期刊
ARCHIVES OF OPHTHALMOLOGY
卷 128, 期 2, 页码 212-222出版社
AMER MEDICAL ASSOC
DOI: 10.1001/archophthalmol.2009.395
关键词
-
资金
- National Institutes of Health [EY16995, EY18179, P30 EY16665]
- Retina Research Foundation
Objectives: To study the progressive changes of intense cyclic light-induced retinal degeneration and to determine whether it results in choroidal neovascularization (CNV). Methods: Albino rats were exposed to 12 hours of 3000-lux cyclic light for 1, 3, or 6 months. Fundus examination, fundus photography, fluorescein and indocyanine green angiography, and optical coherence tomography were performed prior to euthanization. Light-exposed animals were euthanized after 1, 3, or 6 months for histopathological evaluation.
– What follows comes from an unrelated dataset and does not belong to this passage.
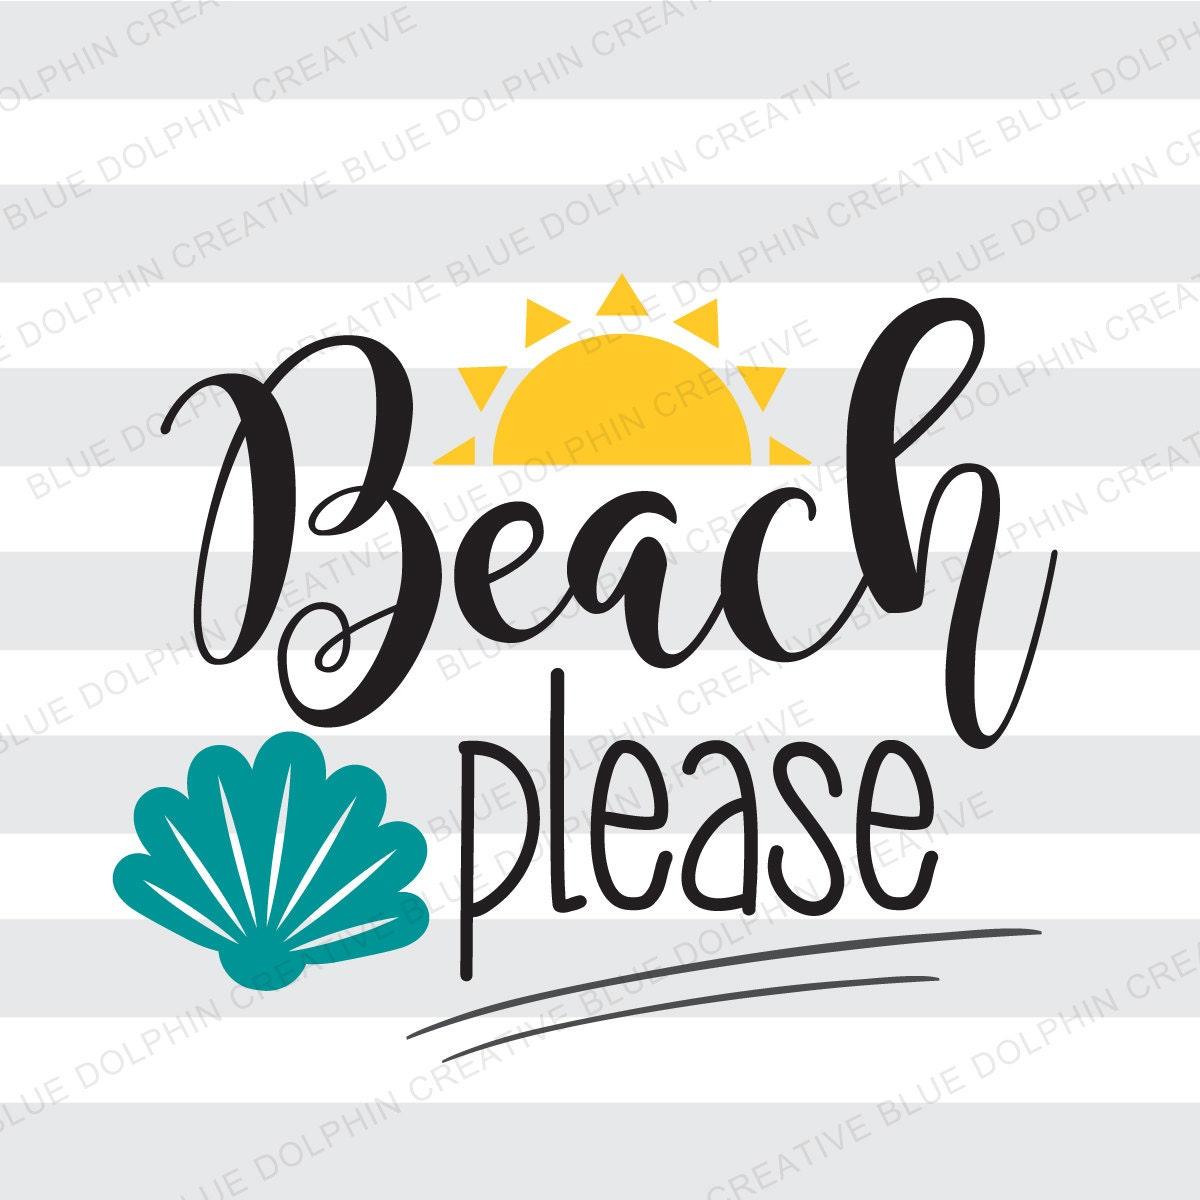 Beach Please Svg Png Pdf Cricut Silhouette Cutting Files

Retinas were examined for the presence of 4-hydroxy-2-nonenal -and nitrotyrosine-modified proteins by immunofluorescence staining. Results: Long-term intense cyclic light exposure resulted in retinal degeneration with loss of the outer segments of photoreceptors and approximately two-thirds of the outer nuclear layer as well as development of subretinal pigment epithelium neovascularization after 1 month. Almost the entire outer nuclear layer was absent with the presence of CNV, which penetrated the Bruch membrane and extended into the outer retina after 3 months. Absence of the outer nuclear layer, multiple foci of CNV, retinal pigment epithelial fibrous metaplasia, and connective tissue bands containing blood vessels extending into the retina were observed after 6 months. All intense light-exposed animals showed an increased presence of 4-hydroxy-2-nonenal and nitrotyrosine staining. Optical coherence tomographic and angiographic studies confirmed retinal thinning and leakiness of the newly formed blood vessels. Conclusions: Our results suggest that albino rats develop progressive stages of retinal degeneration and CNV after long-term intense cyclic light exposure, allowing the detailed study of the pathogenesis and treatment of age-related macular degeneration. Clinical Relevance: The ability to study the progressive pathogenesis of age-related macular degeneration and CNV will provide detailed knowledge about the disease and aid in the development of target-specific therapy.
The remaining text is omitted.